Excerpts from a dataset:
--- START ---

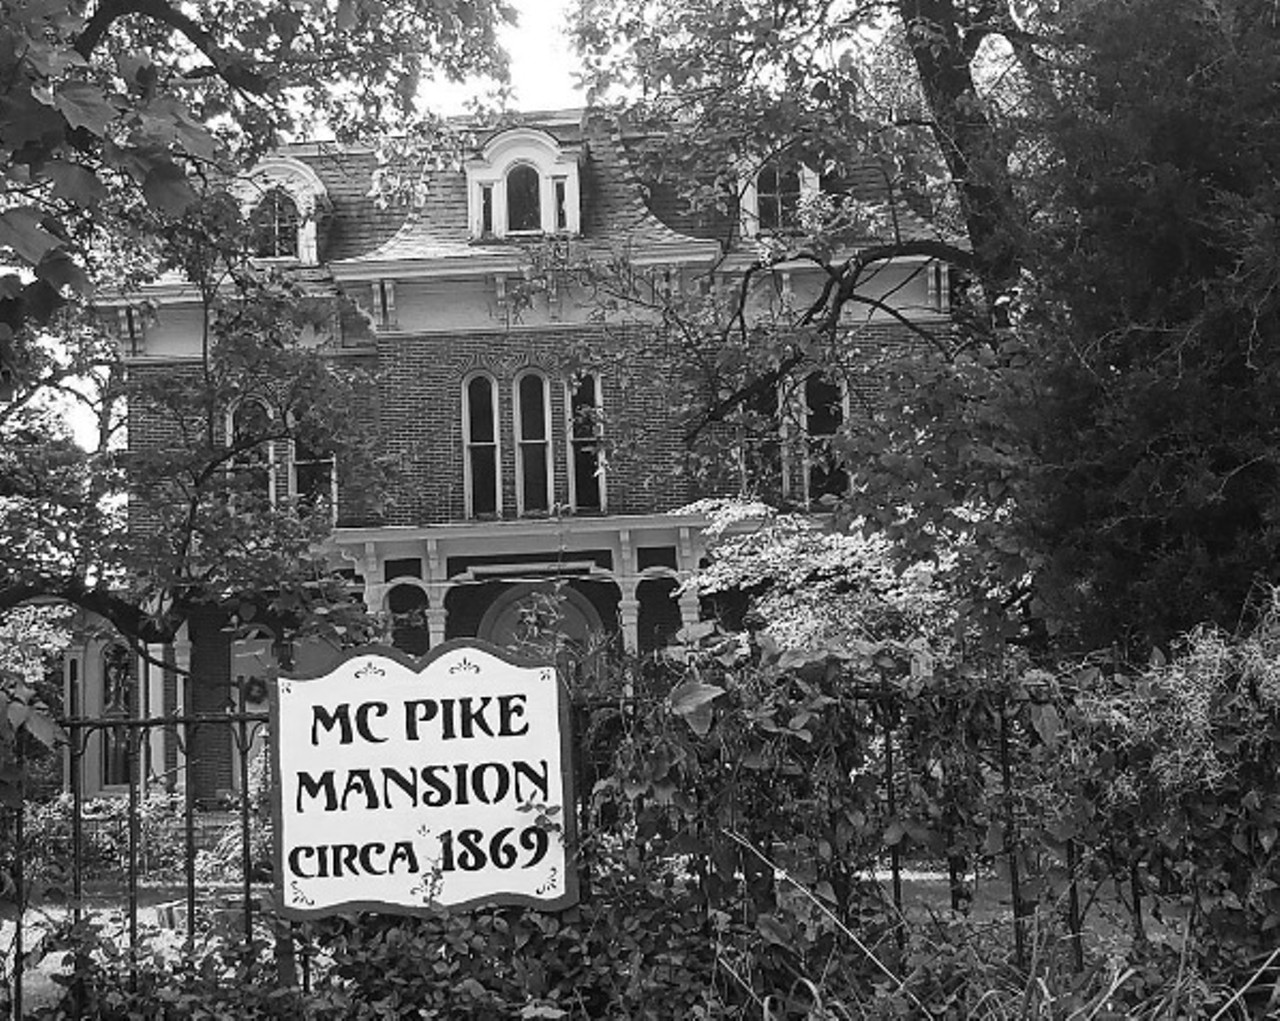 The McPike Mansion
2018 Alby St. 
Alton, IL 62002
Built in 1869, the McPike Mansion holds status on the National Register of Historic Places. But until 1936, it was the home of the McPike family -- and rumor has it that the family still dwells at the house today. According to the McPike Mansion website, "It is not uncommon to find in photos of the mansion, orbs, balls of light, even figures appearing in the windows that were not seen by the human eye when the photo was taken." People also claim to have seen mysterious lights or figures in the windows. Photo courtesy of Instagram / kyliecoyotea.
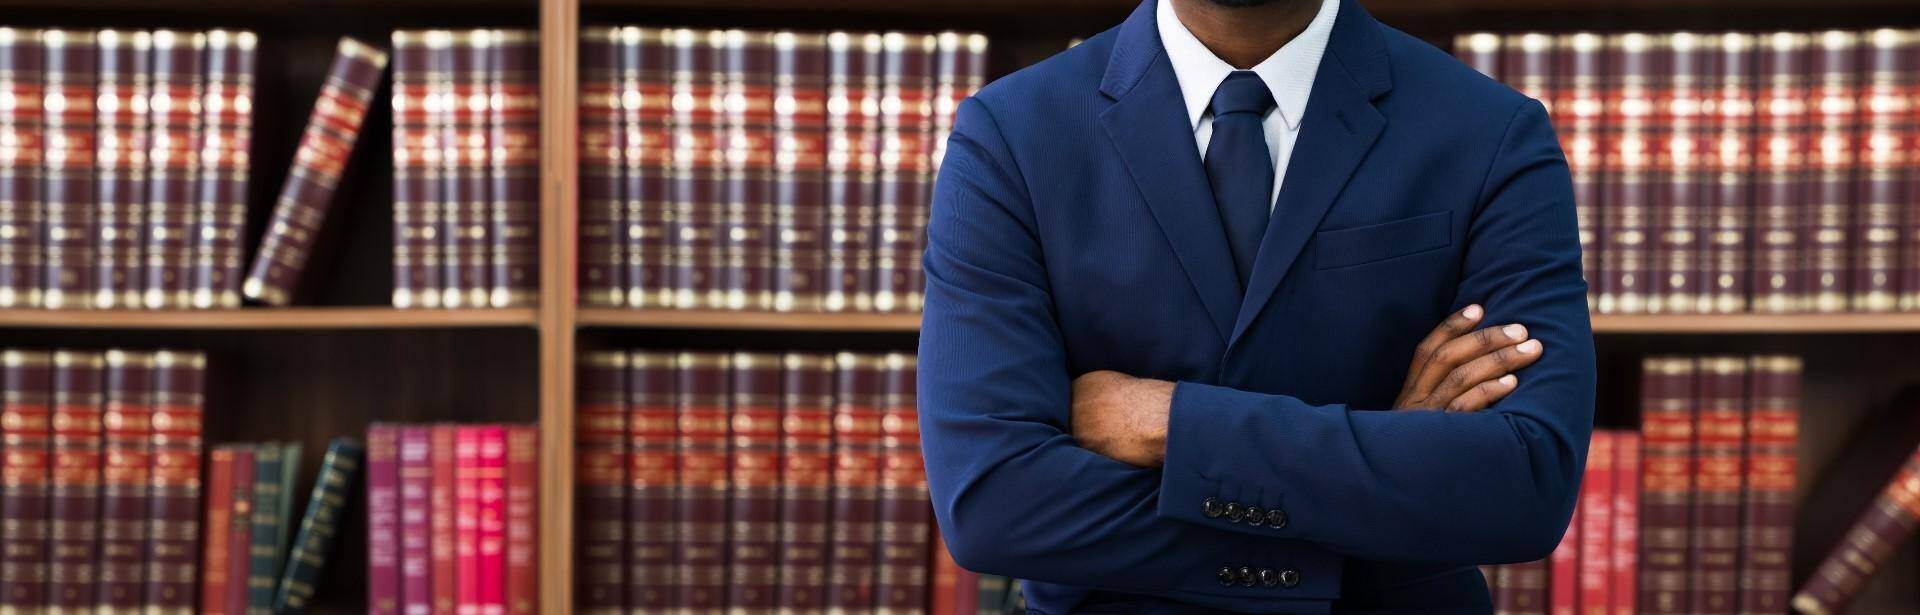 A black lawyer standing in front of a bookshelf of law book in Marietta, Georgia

--- END ---

__Description of the task__:
Pictures are not part of the copy. Output only the lines from the one with "Alton, IL 62002" through the final line of the records, exactly as given.

__Result of the task__:
Alton, IL 62002
Built in 1869, the McPike Mansion holds status on the National Register of Historic Places. But until 1936, it was the home of the McPike family -- and rumor has it that the family still dwells at the house today. According to the McPike Mansion website, "It is not uncommon to find in photos of the mansion, orbs, balls of light, even figures appearing in the windows that were not seen by the human eye when the photo was taken." People also claim to have seen mysterious lights or figures in the windows. Photo courtesy of Instagram / kyliecoyotea.
 A black lawyer standing in front of a bookshelf of law book in Marietta, Georgia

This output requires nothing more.